> [DATA EXTRACT]:
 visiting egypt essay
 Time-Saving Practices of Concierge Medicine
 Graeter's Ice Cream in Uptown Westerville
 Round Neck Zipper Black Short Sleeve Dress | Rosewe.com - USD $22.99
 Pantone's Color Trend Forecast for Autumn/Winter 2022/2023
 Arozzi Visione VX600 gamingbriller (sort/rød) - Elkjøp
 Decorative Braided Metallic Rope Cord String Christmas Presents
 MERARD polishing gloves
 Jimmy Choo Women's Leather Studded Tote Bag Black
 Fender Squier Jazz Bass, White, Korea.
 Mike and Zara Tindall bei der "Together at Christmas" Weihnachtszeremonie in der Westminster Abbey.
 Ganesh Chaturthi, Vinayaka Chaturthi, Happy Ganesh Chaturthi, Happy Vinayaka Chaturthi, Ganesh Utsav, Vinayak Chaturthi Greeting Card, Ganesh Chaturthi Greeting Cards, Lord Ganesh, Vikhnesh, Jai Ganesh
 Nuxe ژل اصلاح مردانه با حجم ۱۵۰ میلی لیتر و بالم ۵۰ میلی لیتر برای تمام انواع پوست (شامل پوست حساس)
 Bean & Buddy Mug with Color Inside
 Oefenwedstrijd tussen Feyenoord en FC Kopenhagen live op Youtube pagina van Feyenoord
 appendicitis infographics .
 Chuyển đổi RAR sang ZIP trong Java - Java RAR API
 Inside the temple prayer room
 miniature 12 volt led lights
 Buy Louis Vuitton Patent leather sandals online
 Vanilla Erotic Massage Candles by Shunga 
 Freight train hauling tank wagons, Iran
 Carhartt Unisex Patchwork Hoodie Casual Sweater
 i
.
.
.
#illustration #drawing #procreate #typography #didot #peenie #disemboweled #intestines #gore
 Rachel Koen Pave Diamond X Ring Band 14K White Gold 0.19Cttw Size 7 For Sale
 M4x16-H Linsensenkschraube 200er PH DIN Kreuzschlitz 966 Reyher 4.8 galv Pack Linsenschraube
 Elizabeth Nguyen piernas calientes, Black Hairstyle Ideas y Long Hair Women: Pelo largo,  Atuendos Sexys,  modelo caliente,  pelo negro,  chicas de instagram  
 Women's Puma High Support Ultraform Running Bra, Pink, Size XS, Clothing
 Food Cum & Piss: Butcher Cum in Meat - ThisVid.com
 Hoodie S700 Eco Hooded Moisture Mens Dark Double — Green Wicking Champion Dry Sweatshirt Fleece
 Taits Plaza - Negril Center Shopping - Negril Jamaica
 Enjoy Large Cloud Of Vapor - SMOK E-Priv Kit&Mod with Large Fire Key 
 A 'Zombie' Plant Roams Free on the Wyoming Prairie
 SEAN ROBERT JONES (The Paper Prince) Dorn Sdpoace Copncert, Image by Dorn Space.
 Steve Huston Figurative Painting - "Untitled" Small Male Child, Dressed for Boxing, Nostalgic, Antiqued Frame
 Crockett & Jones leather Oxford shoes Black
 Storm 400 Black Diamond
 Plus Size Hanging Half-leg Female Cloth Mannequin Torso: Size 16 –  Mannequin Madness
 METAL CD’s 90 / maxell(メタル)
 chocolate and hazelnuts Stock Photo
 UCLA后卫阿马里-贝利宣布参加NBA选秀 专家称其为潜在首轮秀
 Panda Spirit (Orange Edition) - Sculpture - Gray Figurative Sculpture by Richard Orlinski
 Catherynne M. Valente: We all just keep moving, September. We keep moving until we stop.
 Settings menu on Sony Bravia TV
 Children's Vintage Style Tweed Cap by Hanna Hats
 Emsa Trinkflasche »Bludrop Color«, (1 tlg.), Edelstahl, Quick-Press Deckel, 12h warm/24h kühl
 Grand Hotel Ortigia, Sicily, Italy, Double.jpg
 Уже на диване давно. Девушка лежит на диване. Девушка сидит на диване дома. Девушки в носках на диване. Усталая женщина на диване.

> [EXERCISE PROMPT]:
Every line above from the line with "miniature 12 volt led lights" to the line with "#illustration #drawing #procreate", inclusive, must be returned exactly; no other line belongs in the reply.

> [RESPONSE BOX]:
 miniature 12 volt led lights
 Buy Louis Vuitton Patent leather sandals online
 Vanilla Erotic Massage Candles by Shunga 
 Freight train hauling tank wagons, Iran
 Carhartt Unisex Patchwork Hoodie Casual Sweater
 i
.
.
.
#illustration #drawing #procreate #typography #didot #peenie #disemboweled #intestines #gore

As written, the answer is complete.